Между гневом и смирением
До истечения первого года президентского срока Хавьера Милея осталось всего несколько недель, и по-прежнему многие говорят о возможной реакции населения на то, как проводимая им политика влияет на условия жизни большей части граждан.
В рамках этой линии рассуждений делается вывод о том, что, как только снова оживет протест народных масс, который до сих пор не утихал, его агрессивность может привести к серьезному социальному и институциональному кризису. Подразумеваемое предположение, лежащее в основе этой гипотезы, - это воспоминание о массовых и поликлассовых протестах 19 и 20 декабря 2001 года, которые привели к краху правительства Альянса. Но избирательность памяти не позволяет вспомнить, что это было следствием цикла, который начался только спустя семь лет после того, как Карлос Сауль Менем, злополучный предшественник нынешнего правительства, начал свой неолиберальный эксперимент, и через пять лет после введения конвертируемости 1 апреля 1991 года. Эпицентр протеста, который позже получил широкое распространение, находился в Кутрал Ко и Пласа-Уинкуль и начался в ответ на волну увольнений, объявленную YPF. Фактически, государственные служащие были главными действующими лицами этих крупных волнений, которые также происходили в макроэкономическом контексте, характеризовавшемся численностью безработицы, близкой к 20 процентам.
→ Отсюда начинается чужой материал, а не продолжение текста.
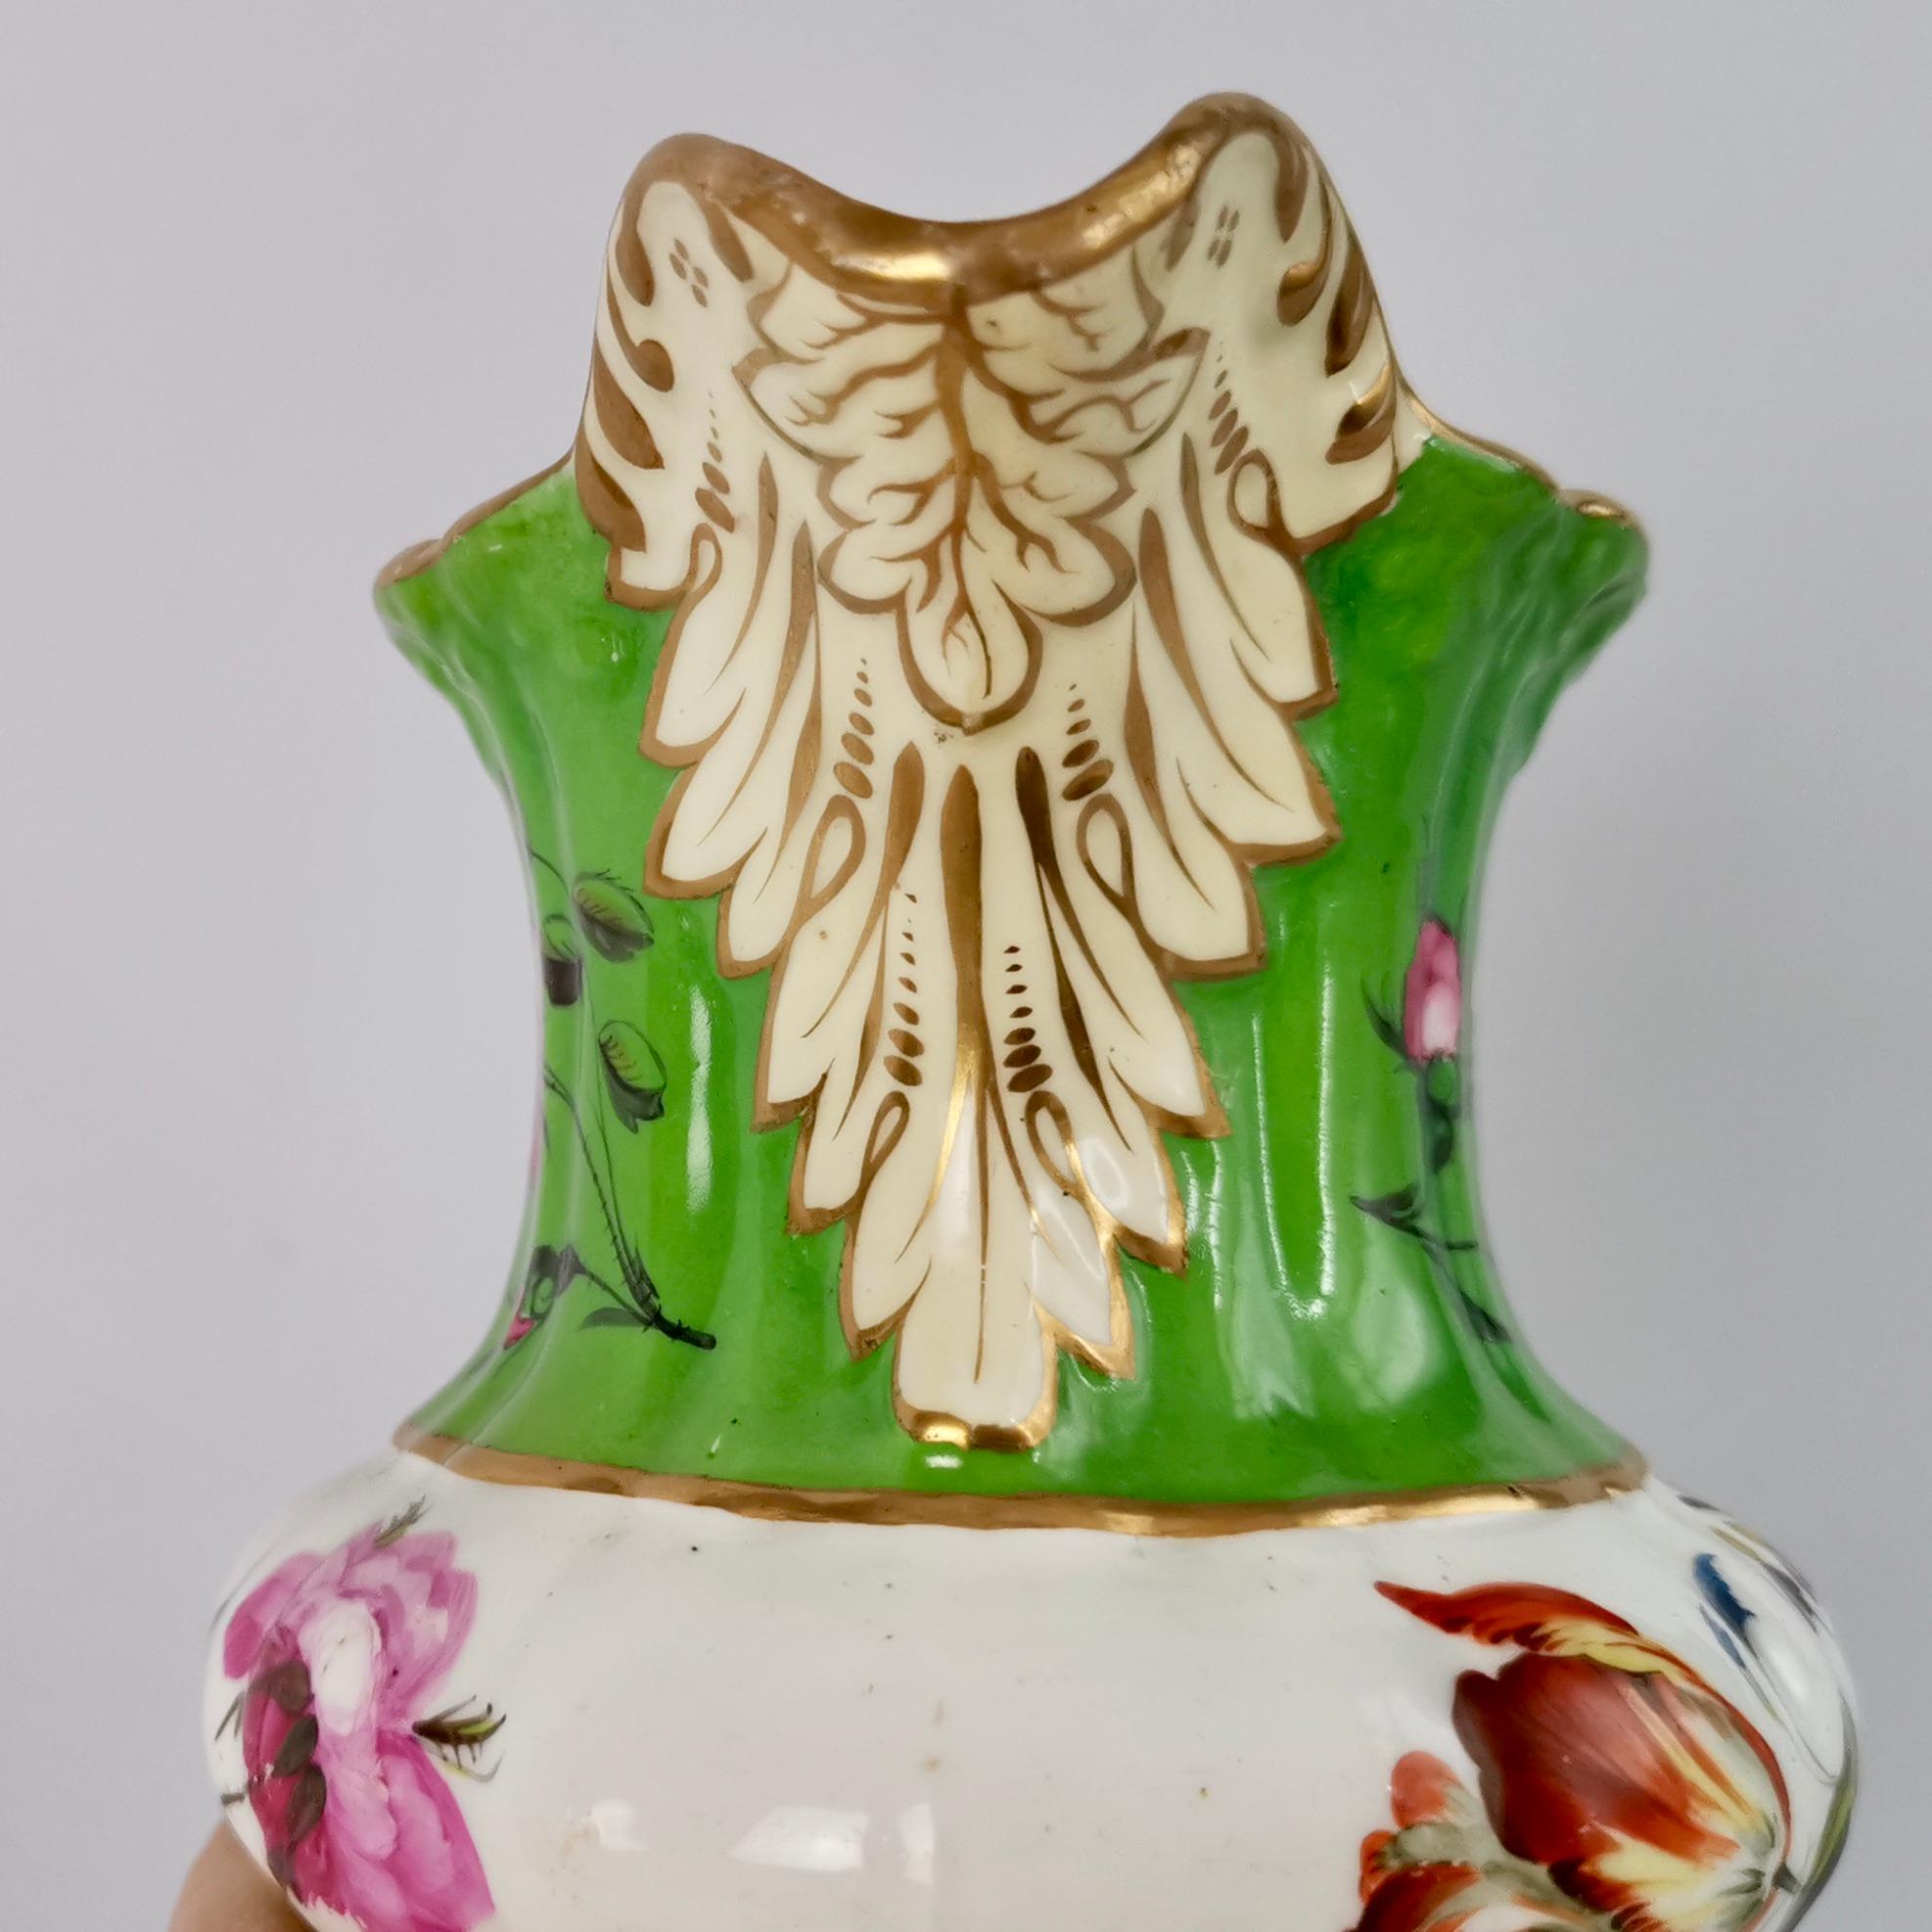 Hilditch Porcelain Pitcher, Apple Green with Hand Painted Flowers, circa 1830 4

Вывод из этого краткого упражнения на запоминание состоит в том, что народный протест не подчиняется механическому автоматизму типа стимул - реакция. Однако в некоторых версиях левых и популярного национализма преобладает это убеждение, которое подпитывается некоторыми эпизодическими и парадигматическими эпизодами, возникающими в результате длительного периода созревания. Убеждение, которое не принимает во внимание медлительность, с которой почти всегда протекают инкубационные процессы народного восстания.
Другими словами: стимулирование, то есть политика, наносящая серьезный ущерб народным интересам, не является необходимым и не сразу приводит в действие энергичную реакцию классов и социальных слоев, затронутых этой политикой. Именно это и произошло в девяностых годах во время менемата, и нет никаких новых доказательств, позволяющих предположить, что сегодня этот цикл может быть значительно сокращен.
Но поскольку общества находятся в состоянии постоянных изменений, нельзя исключать и возможности того, что в экстремальных условиях, существующих в Аргентине, этот разрыв между антинародной политикой и реакцией народа мог бы значительно сократиться. Следовательно, мы находимся в неизведанной области, в которой исторические сравнения должны проводиться с большой осторожностью и всегда помнить совет Фридриха Энгельса: не превращать наше нетерпение в канон интерпретации конъюнктуры.
Ключом к пониманию этого вопроса является наблюдение, сделанное Антонио Грамши, в то время, когда в Италии бушевал фашизм. Столкнувшись с этим новым явлением, Грамши задавался вопросом, действительно ли левые силы знают, каким было итальянское общество. Я думаю, что этот вопрос сегодня является обязательным в Аргентине, стране, общество которой сильно изменилось, и не всегда к лучшему. Потому что, если раньше пресыщение было средством, вызывающим социальный и политический протест, то можно утверждать, что сегодня смирение и намеки на надежду, поощряемые гипериндивидуализмом и антиполитикой, кажутся более сильными, чем пресыщение или гнев, вызванные дороговизной и падением заработной платы и пенсий. К этому следует добавить нормализацию институциональной жестокости, то есть признание того, что правительство может принять решение проводить политику, которая серьезно подрывает жизненные шансы широких слоев населения, не вызывая при этом прилива морального негодования. Правительство может отказаться от предоставления бесплатных лекарств хроническим или даже неизлечимо больным людям, не вызывая при этом возмущения общественного мнения или скандала. Как мы видим, эта трансформация произошла на молекулярном уровне, но изменила облик аргентинского общества.
Очевидно, что мы говорим об очень динамичных ситуациях, в которых изменения большого значения могут произойти без предварительных признаков, но, по-видимому, после почти года жестокой антинародной политики положительный имидж Хавьера Милея остается на уровне около 45 процентов, чего не было ни в каких расчетах, когда появился и запустил свою программу этот персонаж, говорящий, что ненавидит демократию, республику, нацию и признающийся в том, что пришел разрушить государство и увеличить карман предпринимателей.
В любом случае, если история чему-то учит, так это тому, что ситуации, которые на первый взгляд можно было охарактеризовать как спокойные в социальном плане, резко изменялись, когда происходило внезапное осознание, и массы, пребывавшие в неподвижности и пассивности, внезапно мобилизовались, а политический и социальный порядок, который казался прочно установленным, рассыпался, как карточный домик.